Тем самым арестованного именно в эти послевоенные годы Александра Исаевича Солженицына (1918–2008) можно было бы назвать жертвой лагерной экономики. Неудивительно, что в своей трехтомной книге «Архипелаг ГУЛАГ» Солженицын посвятил вопросам экономики лагеря немало внимания, коснувшись в том числе и системы Френкеля71. В отличие от преобладающего в «Архипелаге ГУЛАГ» фокуса на историю лагерной экономики, основное внимание настоящей статьи направлено на «рассказанный лагерь»72; здесь нас будет интересовать не экономическая действительность лагерей, а функционализация хозяйственных и экономических аспектов для формирования этических оценок, даваемых в рамках художественного текста «Один день Ивана Денисовича» (1962).

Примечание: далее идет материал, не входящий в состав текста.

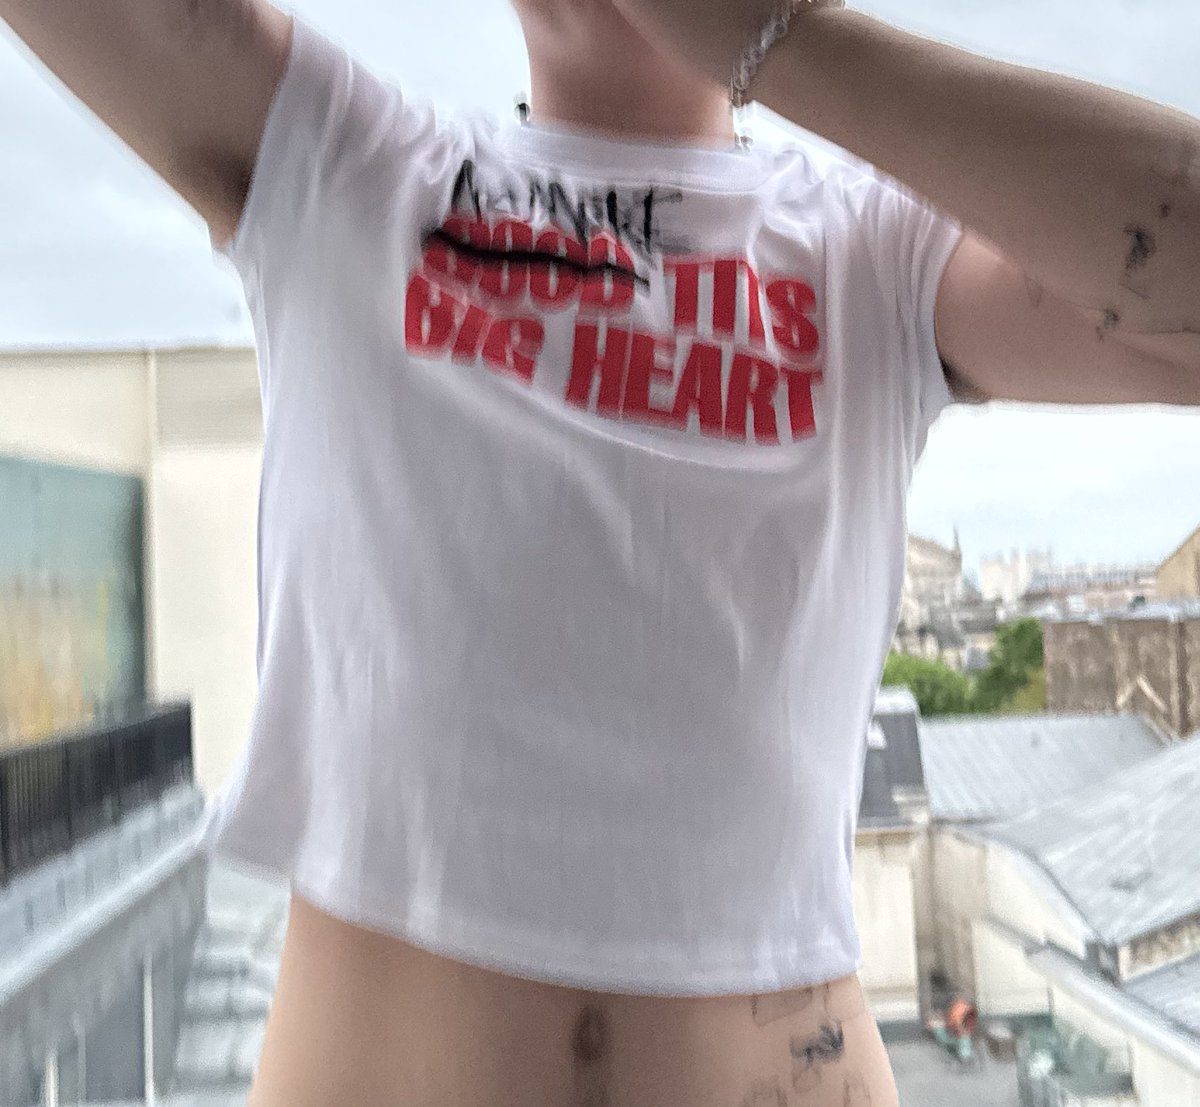 i had top surgery 5 days before my reneé rapp show was supposed to be, so i wasn’t able to go. luckily, i have the best friends in the world. they got me this shirt. no more tits, big heart ❤️

В этом отношении применяемый нами подход удаляется от традиционной «гуманистической» интерпретации рассказа Солженицына, подчеркивавшей достоинство и нравственную свободу человека73 (в чем единодушны антикоммунистические экзегеты и апологеты социалистического реализма74). Исследователи, придерживающиеся подобной традиционной интерпретации, недостаточным образом принимают во внимание сюжетосложение текста, которое определено ограниченным кругозором героя рассказа, Ивана Денисовича Шухова, исключающим не только явно политические выводы, но и правозащитные соображения и открытый морализм.
Остатки человеческого достоинства, которые сохраняет Шухов, – не более чем остатки, не позволяющие ему переходить определенную черту, а героизм Шухова не следует преувеличивать75. Спрятанные Иваном Денисовичем инструменты косвенно возвращают ему долю индивидуальности76, но прежде всего они позволяют ему совершать разного рода физический труд. Подход с позиции морали и правозащиты размывает этот приоритет практической стороны работы, ремесла: трудовое поведение Шухова не признается как таковое (то есть как экономическое), а сводится к «вторичному явлению <…> определяемому первичным нравственным началом»77. Хотя именно советские апологеты «Одного дня» обращали внимание на особое отношение героя к работе78, экономическое измерение повести в исследованиях, посвященных «Одному дню», недооценено79 (у западных исследователей это произошло, вероятно, отчасти по причине стремления отмежеваться от советских коллег).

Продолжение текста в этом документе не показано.